= James Potter (baseball) =

American baseball executive (1864–1934)

James Potter (April 7, 1864 – April 15, 1934) was an American businessman who served as president of the Philadelphia Phillies from 1903 to 1904.

==Early life==
Potter was born in Savannah, Georgia, on April 7, 1864, to John Hamilton and Alice Beirne (Steimbergen) Potter. His father was a United States Civil War veteran who served with the Confederate States Army. Potter was educated in Baltimore and at St. Paul's School in Concord, New Hampshire. He attended Princeton University, but left after his junior year. On June 4, 1885, he married Elizabeth Perkins Sturgis. They had three children: Elizabeth Sturgis, John Hamilton and Robert Sturgis Porter. On January 27, 1908, Elizabeth Sturgis Porter married Frank Polk.

==Business career==
From 1888 to 1899, Potter worked for the Baltimore and Ohio Railroad, where he rose to the position of Division Passenger Agent. He then entered the newspaper business as general manager of the Philadelphia Evening Telegraph. He then managed the Philadelphia branch of Marshall, Spader and Co., a stock brokerage firm. In 1908, Marshall, Spader and Co. closed their Philadelphia office and Potter took over management of the Public Ledger.

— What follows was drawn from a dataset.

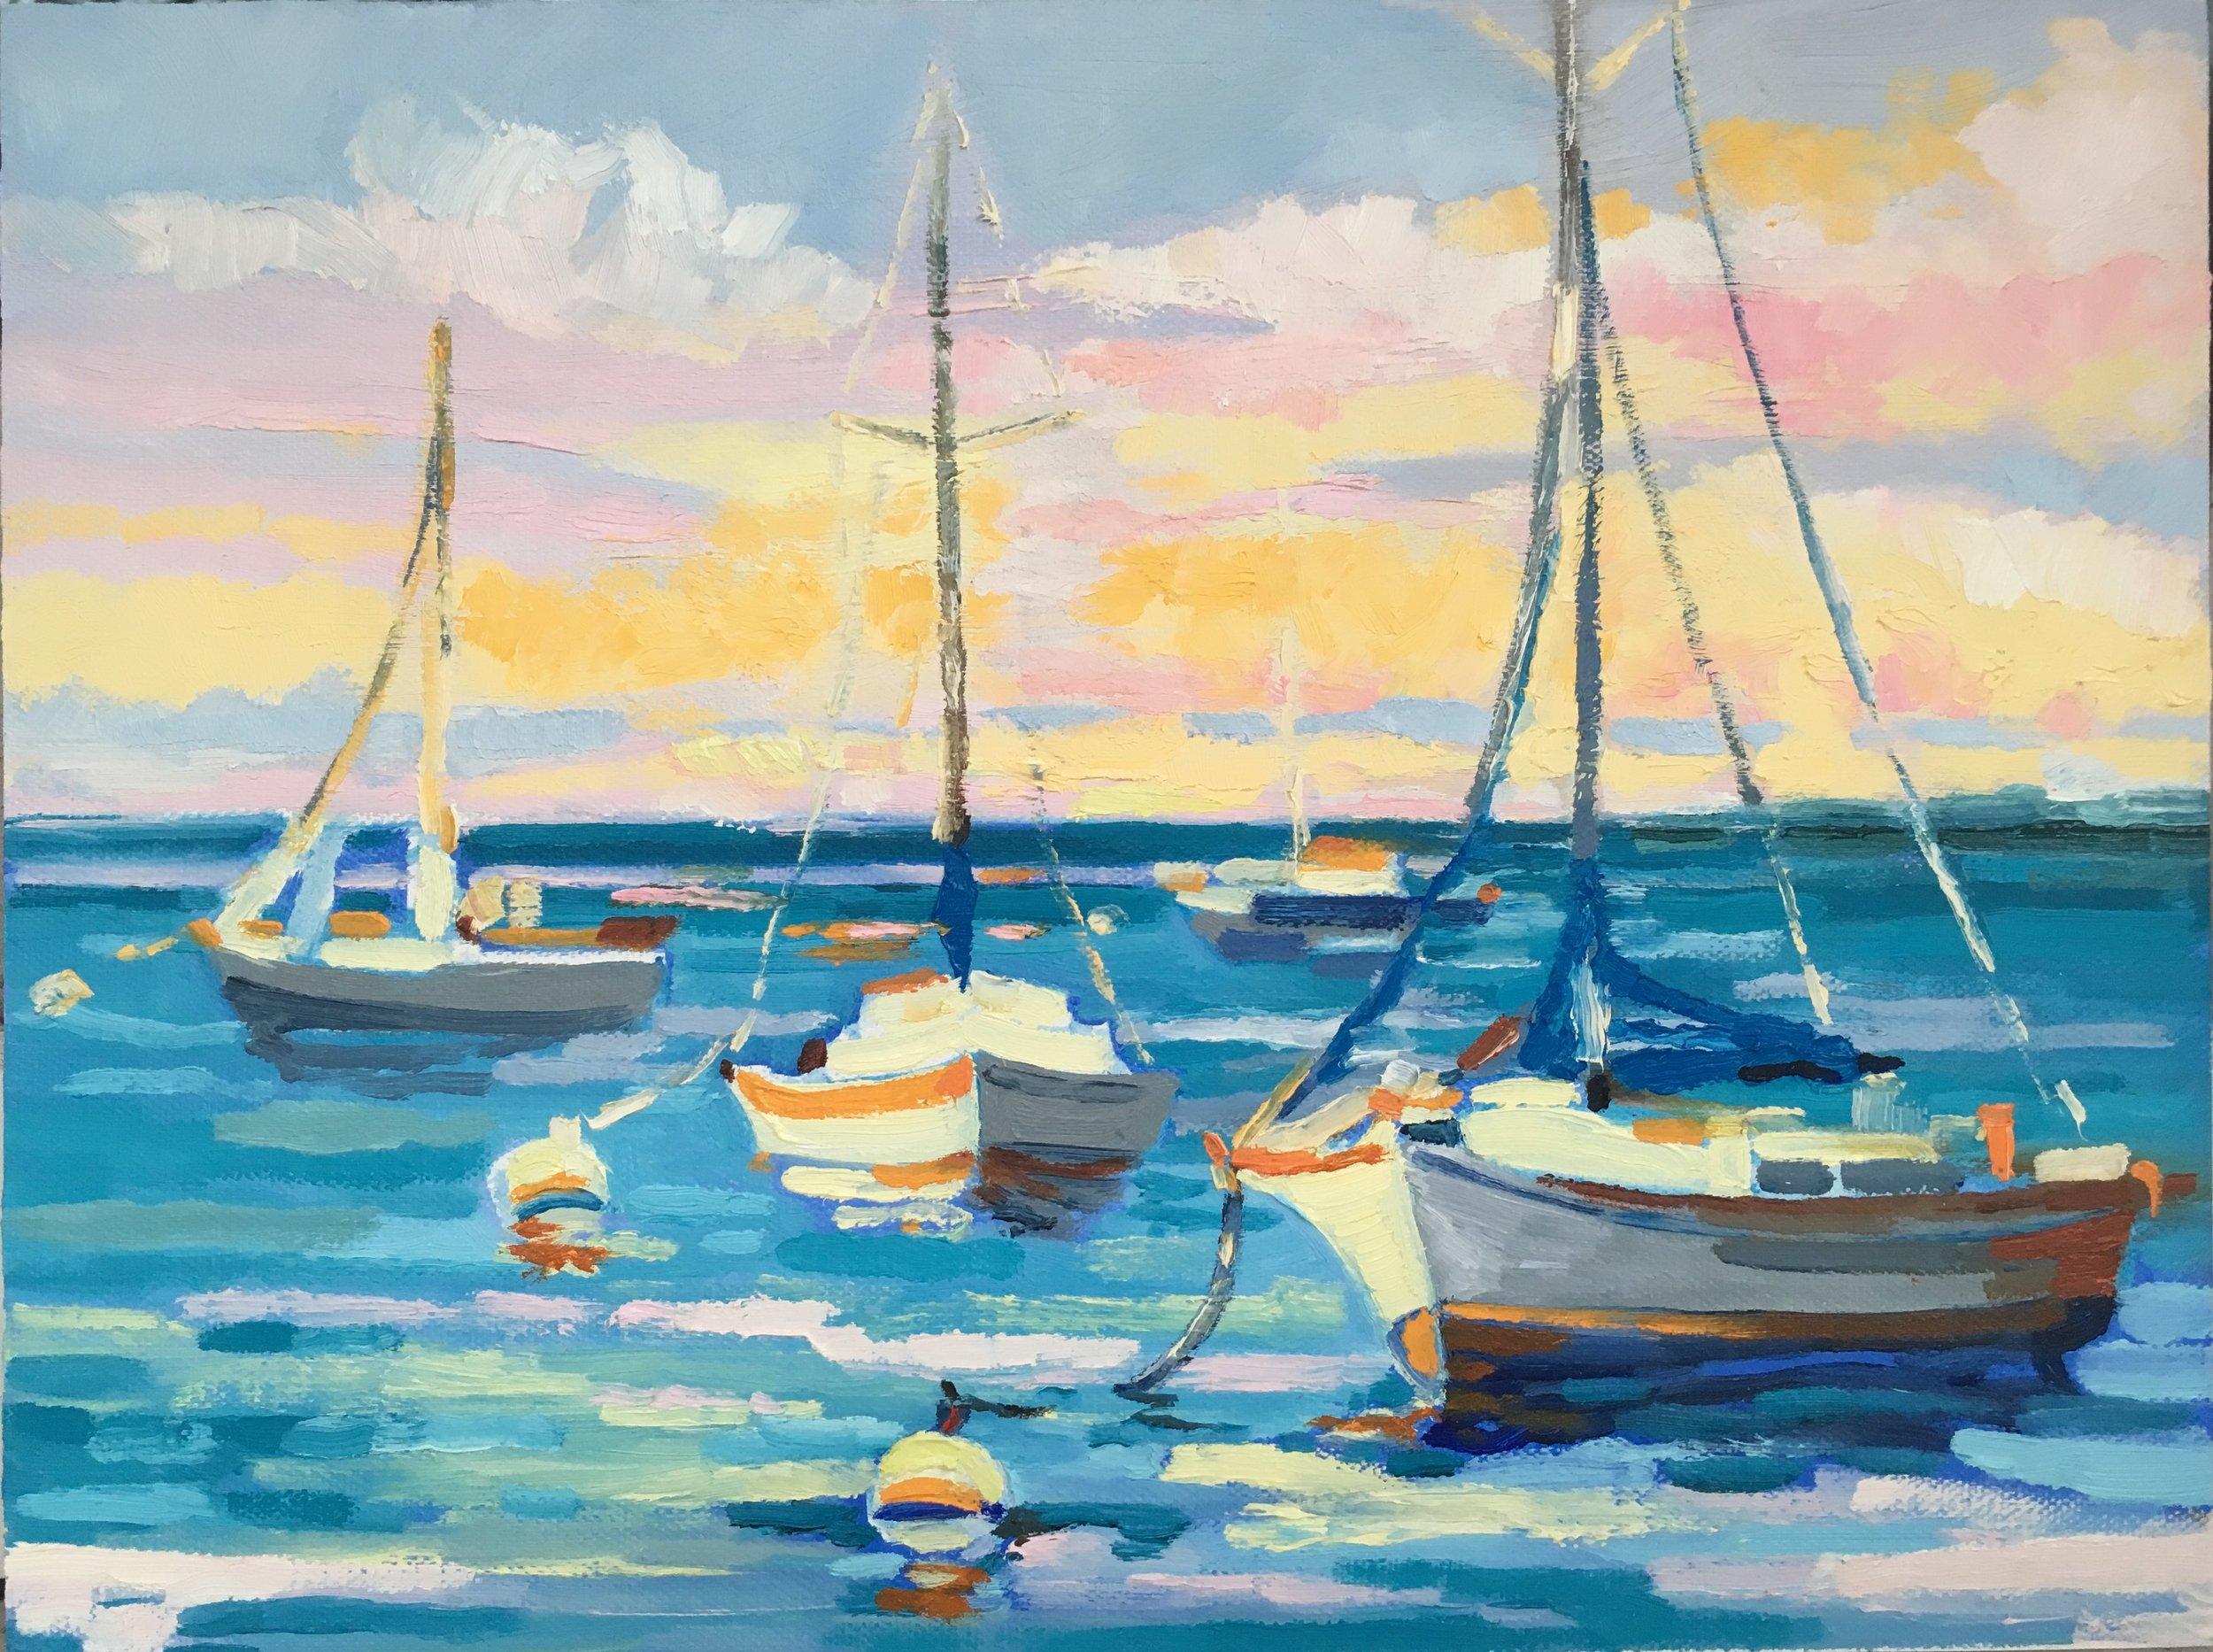 Sarasota Harbor, Jerri Vosseller
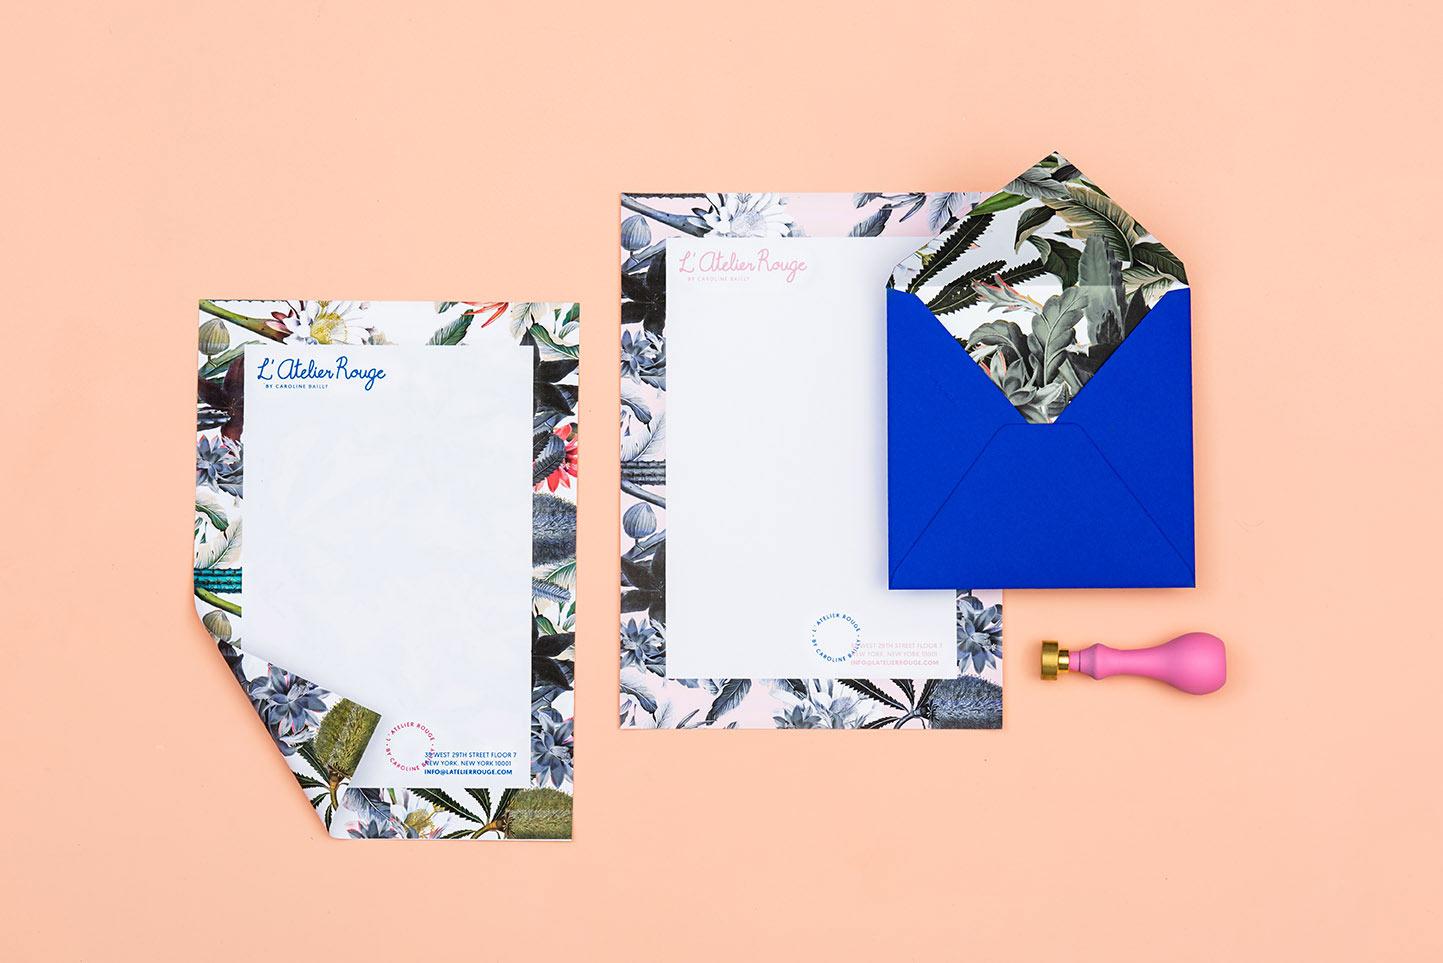 L'Atelier Rouge identity design

From 1913 until his death in 1934 he was a general agent for the Cunard Line.

==Sports==
Potter won championships in both racquets and court tennis. He helped organize the Racquet Club of Philadelphia and was the club's president for its first 17 years of existence.

In 1903, Potter led a syndicate that purchased the Philadelphia Phillies from Al Reach & John Rogers. On March 3, 1903, Potter was elected president of the club. On November 30, 1904, he was succeeded as president by Bill Shettsline. On February 23, 1909, Potter sold his shares to Israel Wilson Durham.